━━━━━ COLLECTED MATERIAL

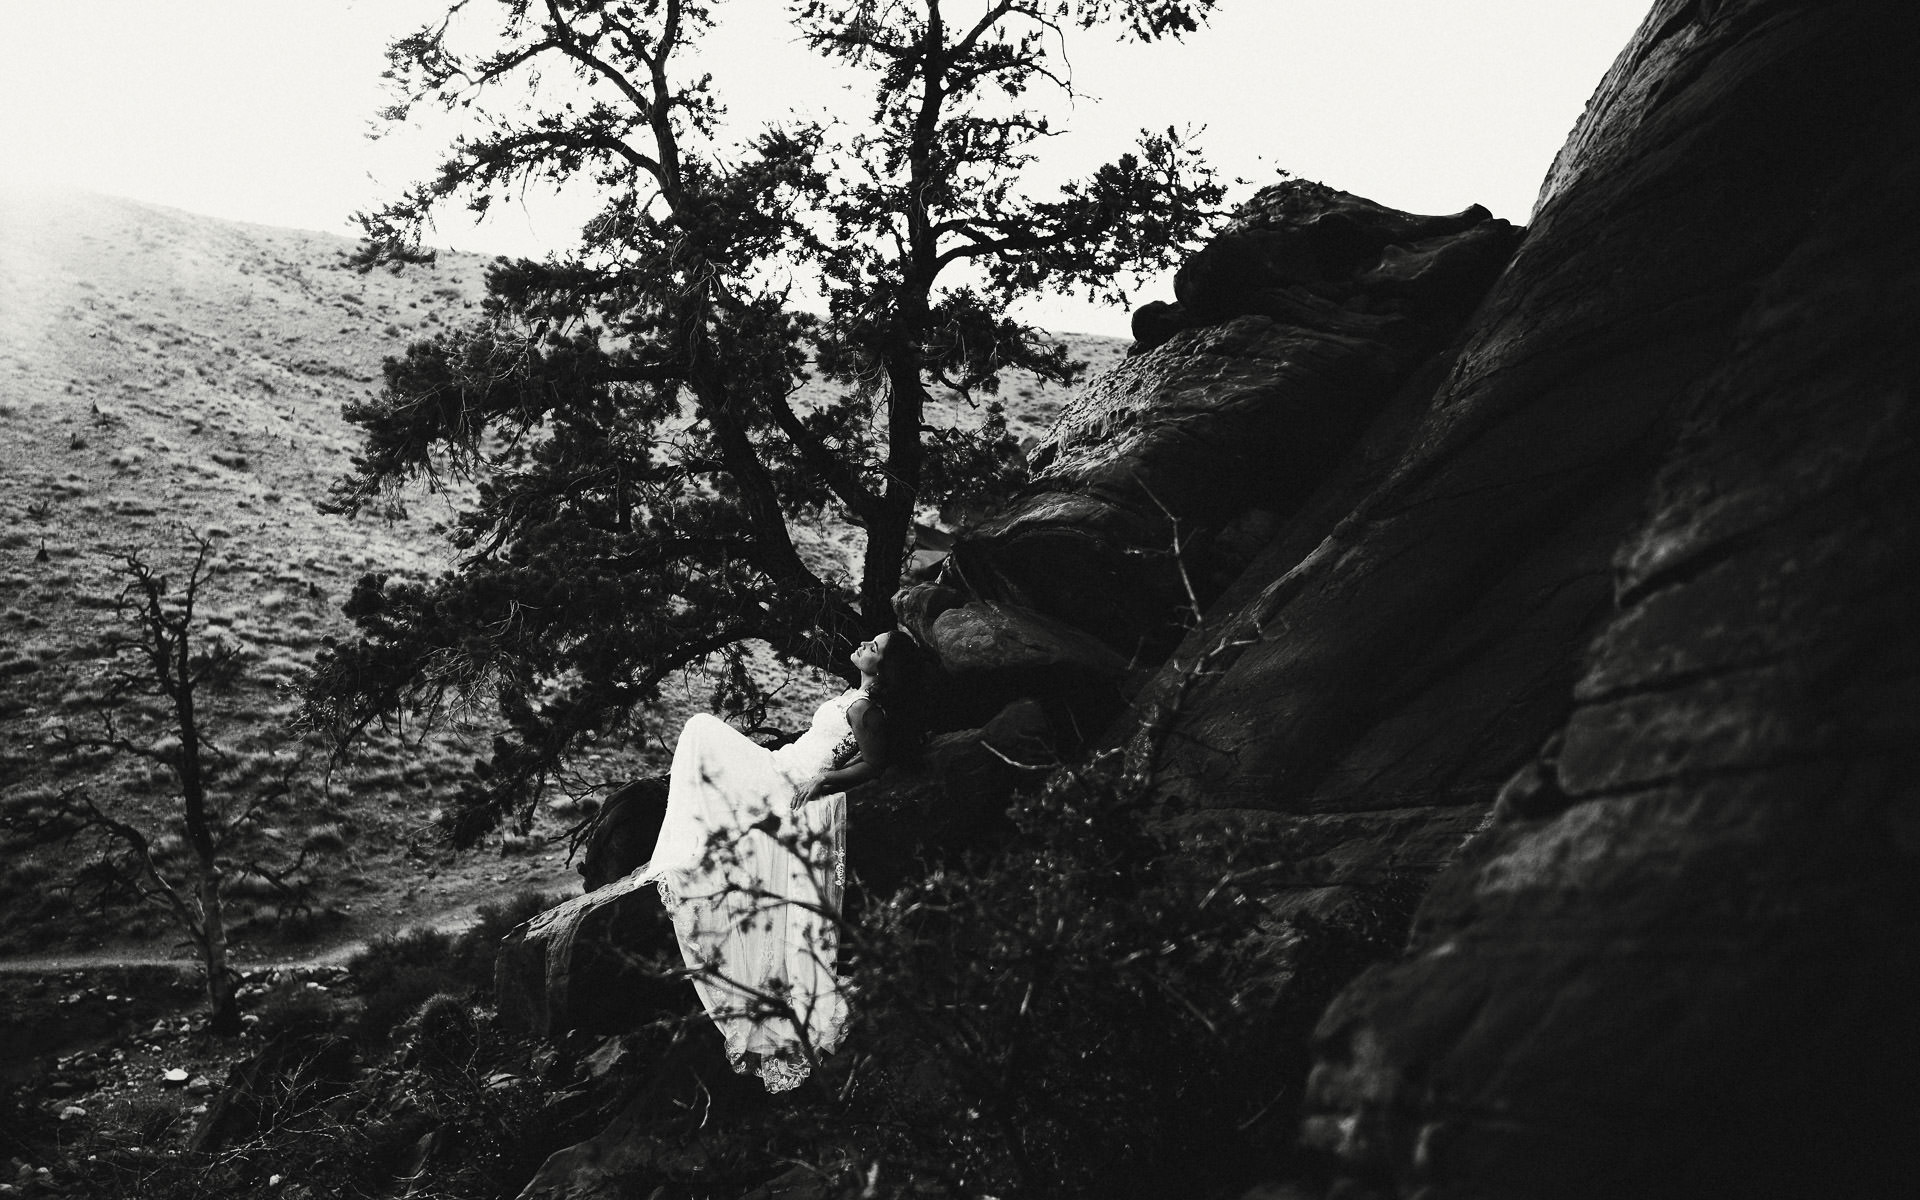 Twisted-Oaks-Studio-wppi-leica-red-rock-canyon-40.jpg
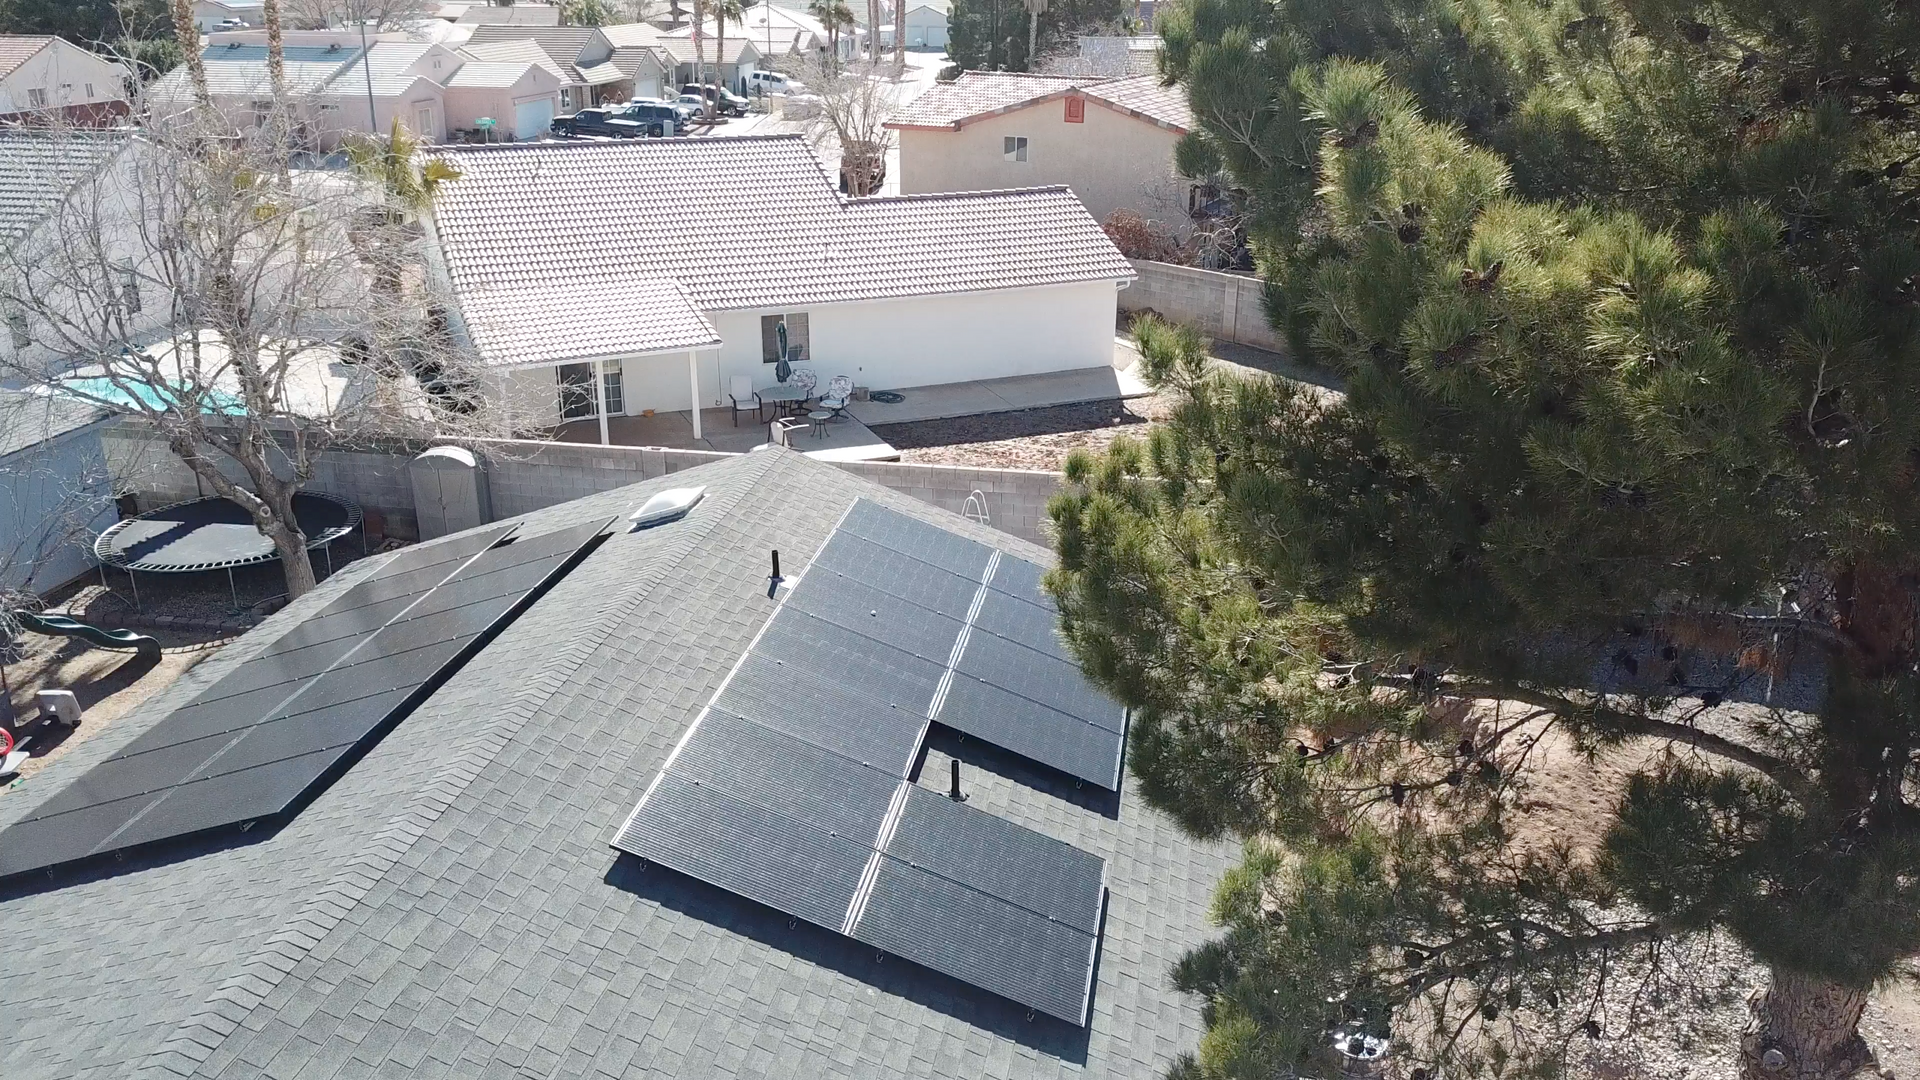 Solar Installation in Mesquite, NV by GST Nevada
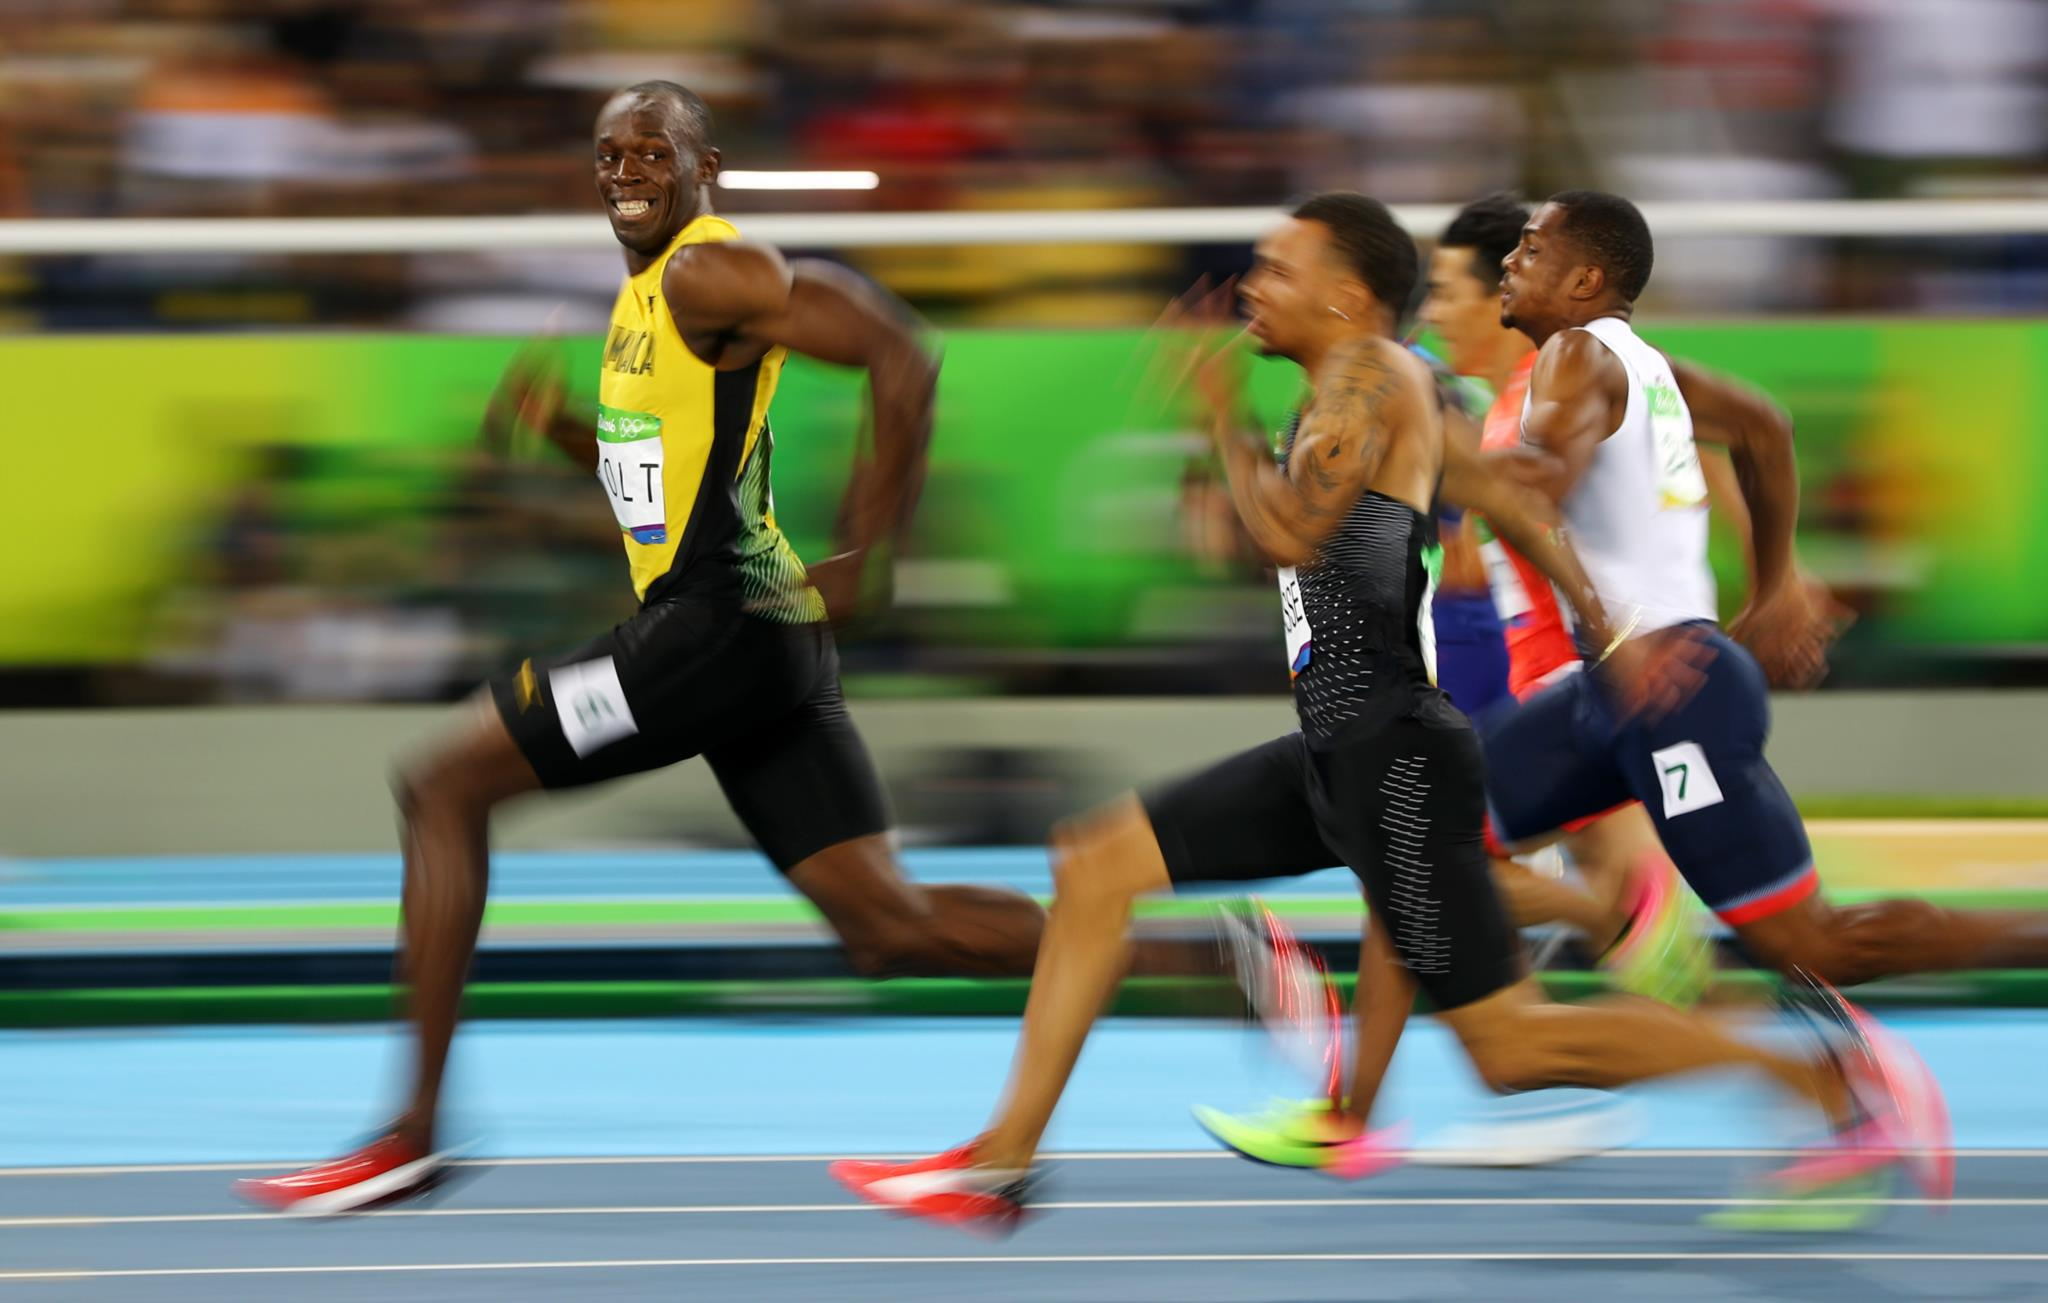 Meia-final dos 100m nos Jogos Olímpicos do Rio de Janeiro: Bolt sorri vitorioso antes de cortar a meta.

━━━━━━━━━━

**ABOUT THIS EXERCISE**.
The expected answer is the full listing above, transcribed exactly and without pictures.

**RESULT**.
 Twisted-Oaks-Studio-wppi-leica-red-rock-canyon-40.jpg
 Solar Installation in Mesquite, NV by GST Nevada
 Meia-final dos 100m nos Jogos Olímpicos do Rio de Janeiro: Bolt sorri vitorioso antes de cortar a meta.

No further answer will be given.